#### [EXERCISE INSTRUCTIONS]
Each line from the one containing "Salsas twice baked potatoes" to the last line of the listing below is to be duplicated exactly, and no picture is to be carried over.

#### [RECORDED INFORMATION]
+--

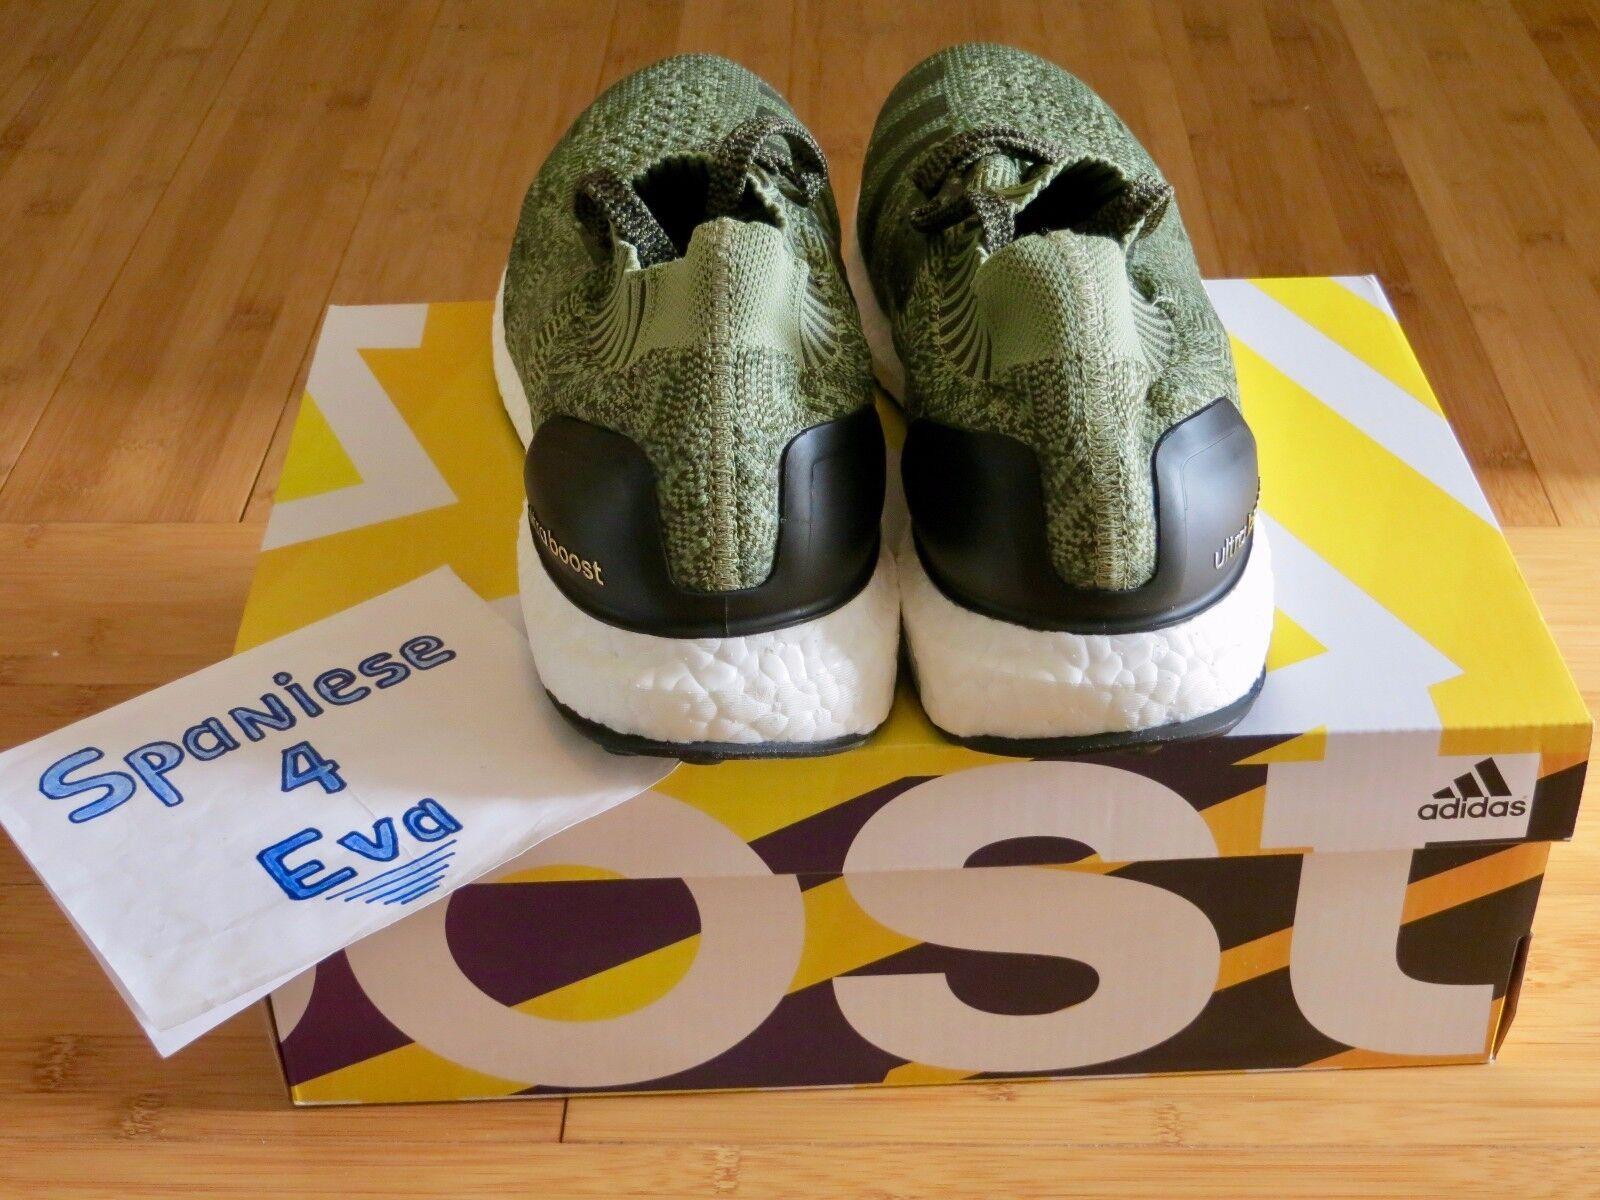 Adidas ultra impulso 9.5 senza freni oliva - bb3901 dimensioni 9.5 impulso 34a09f
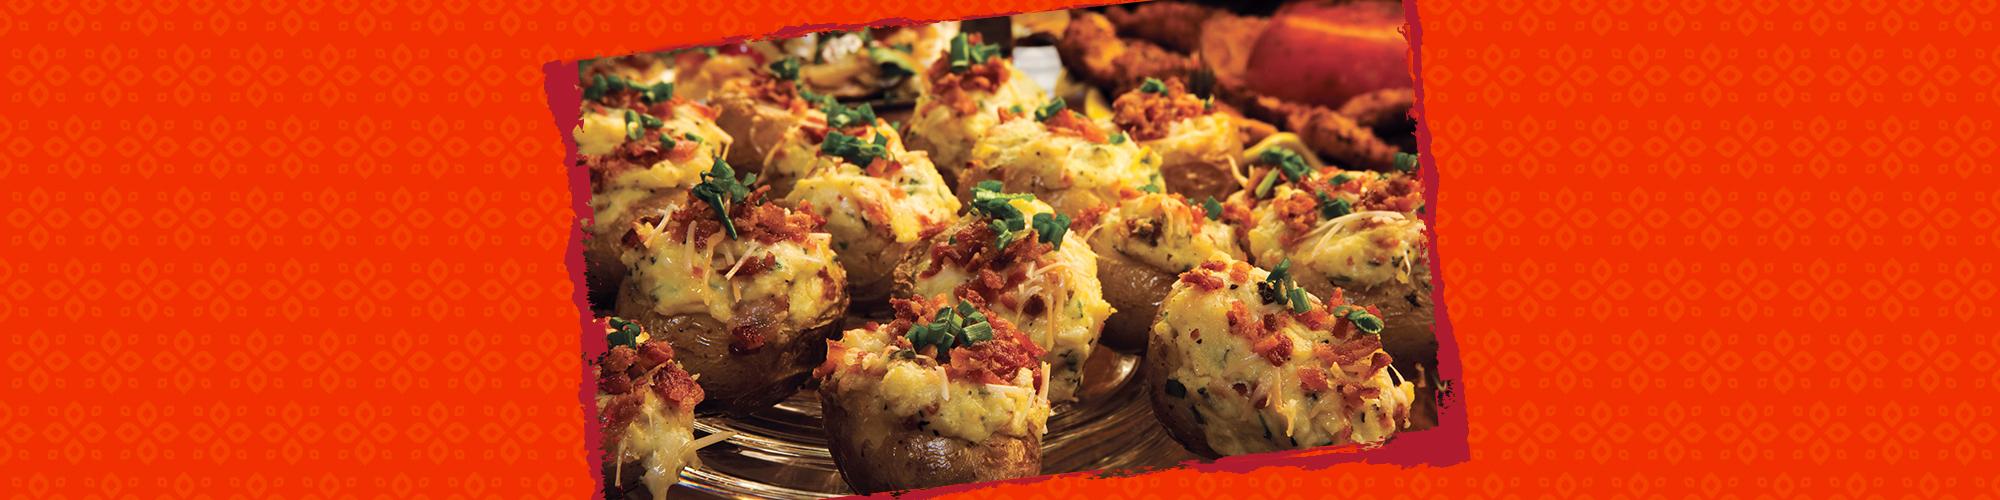 Salsas twice baked potatoes
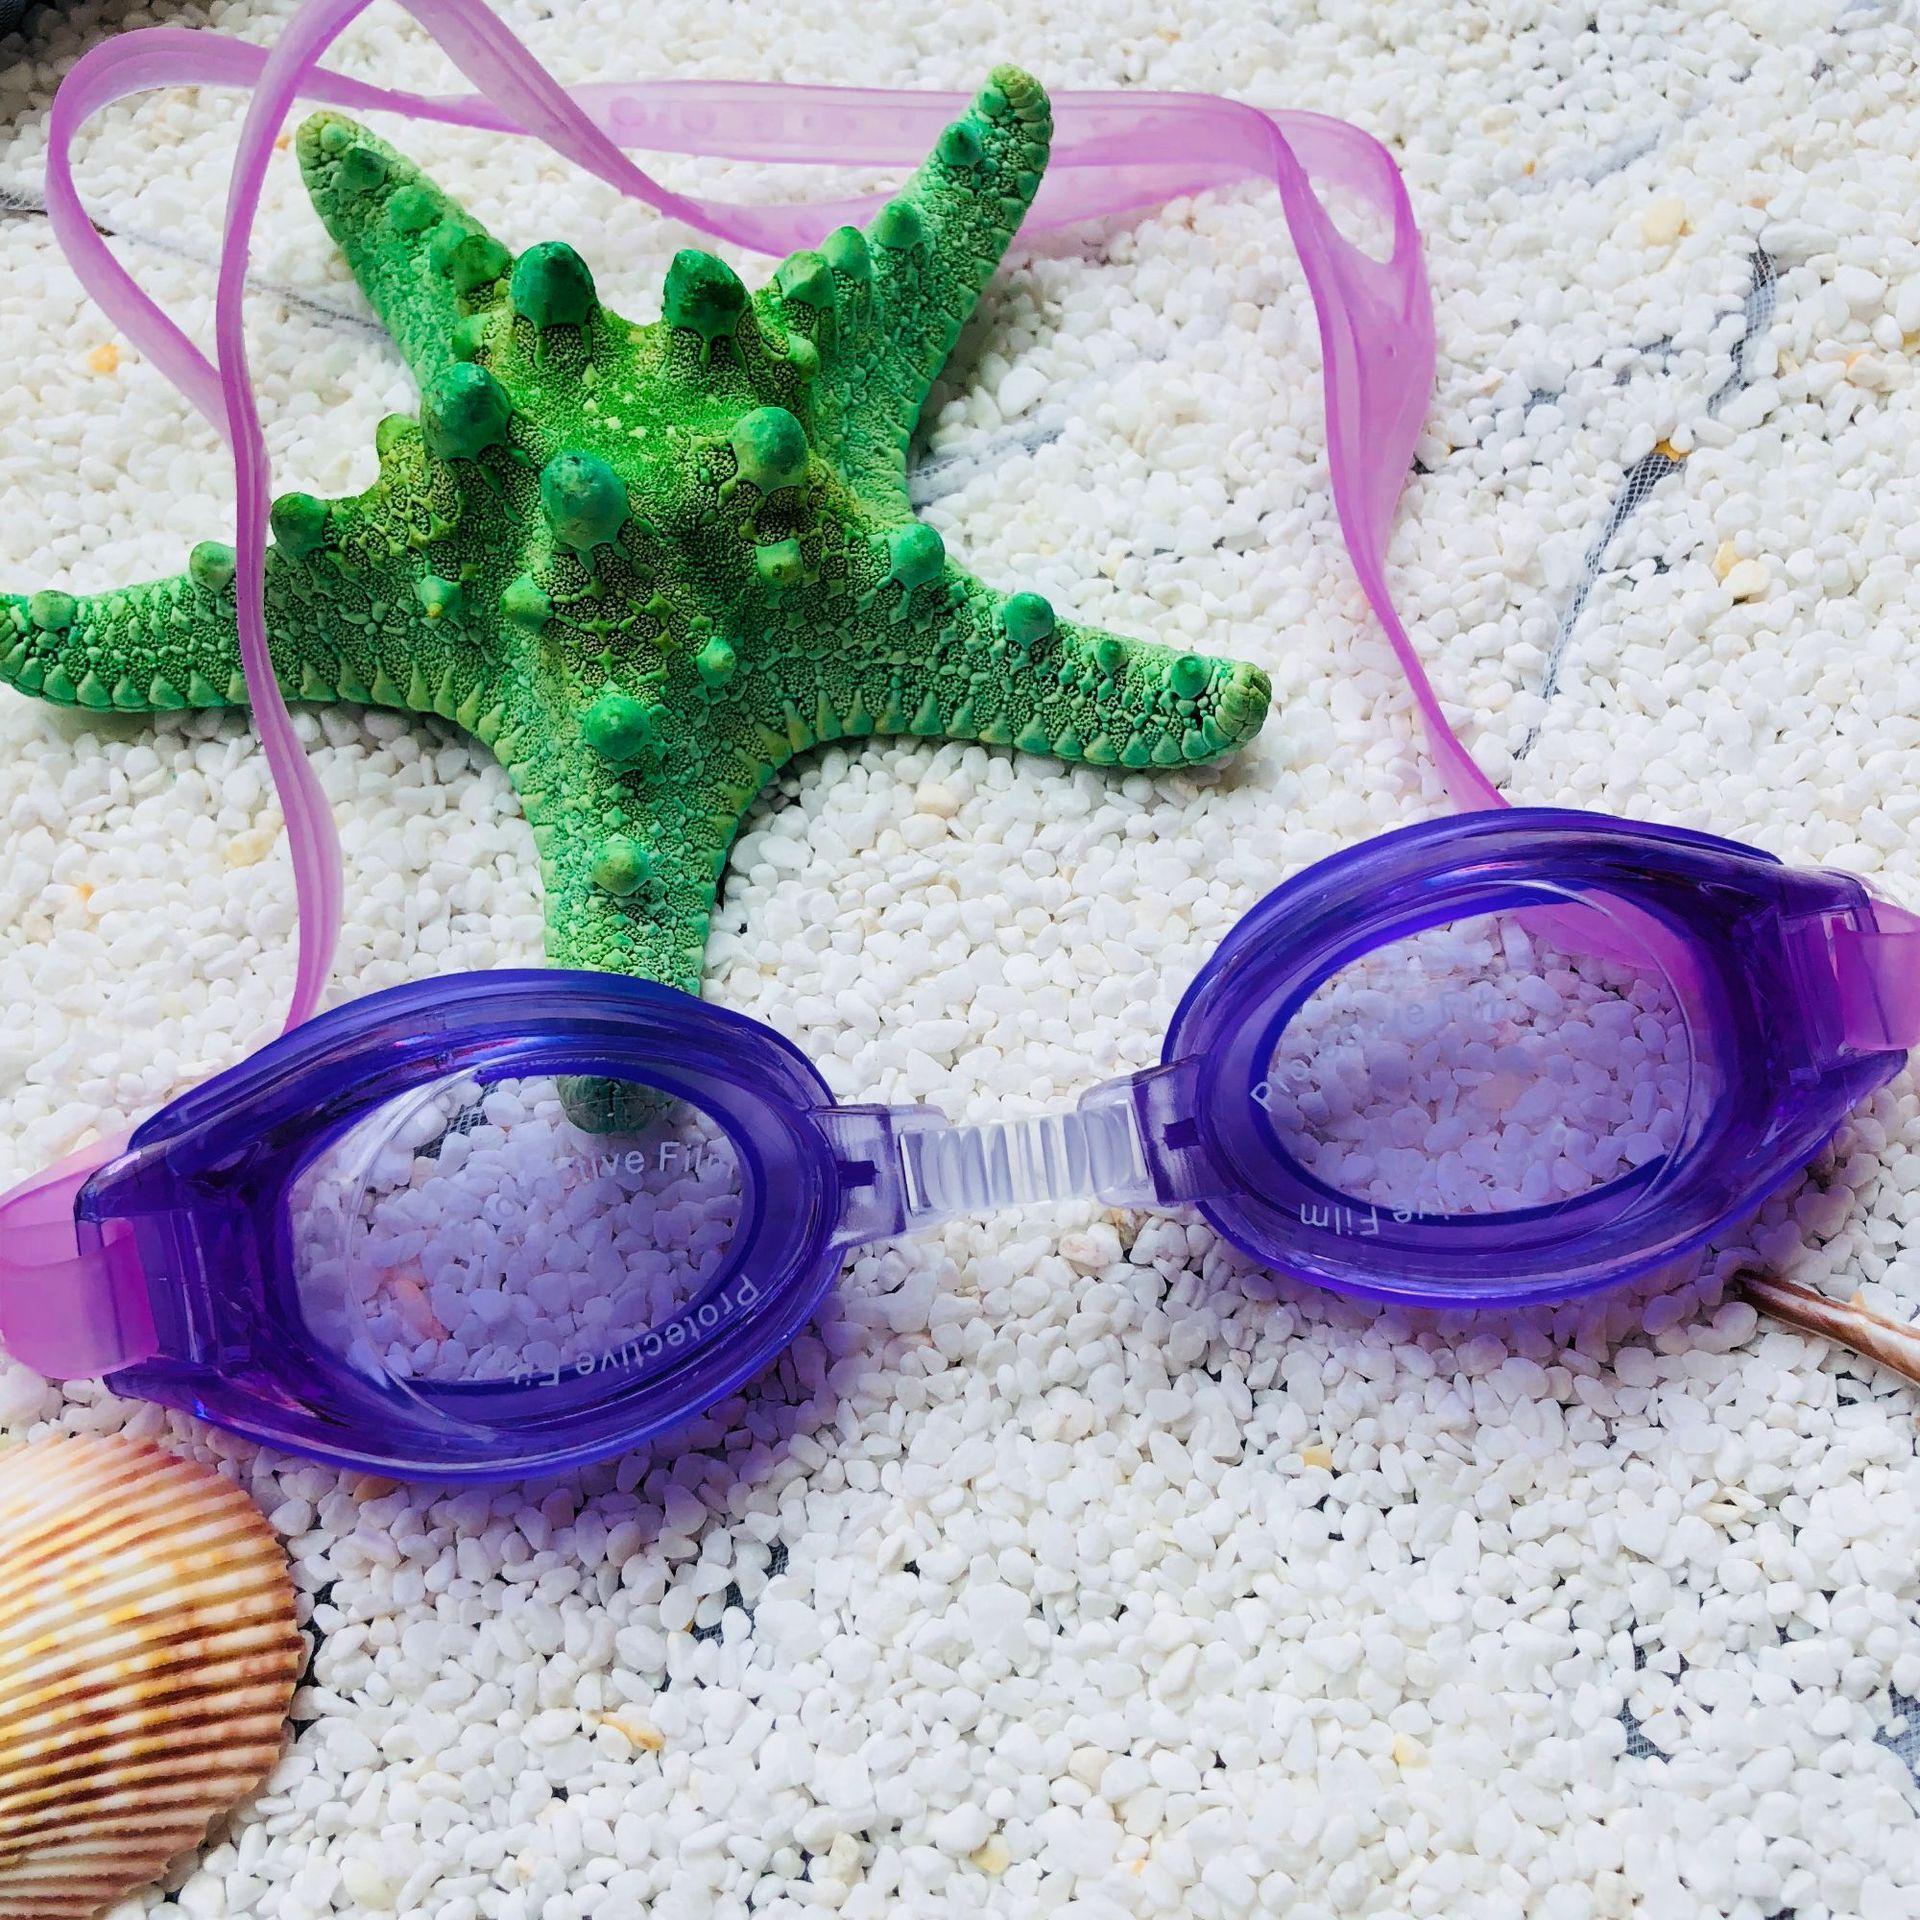 Outdoor Water Sports Swimming Glasses Goggles Underwater Diving Eyeglasses Eyewear Swimwear For Men Women Children w/ Clear Case

+--

#### [REPLY TO THE TASK]
 Salsas twice baked potatoes
 Outdoor Water Sports Swimming Glasses Goggles Underwater Diving Eyeglasses Eyewear Swimwear For Men Women Children w/ Clear Case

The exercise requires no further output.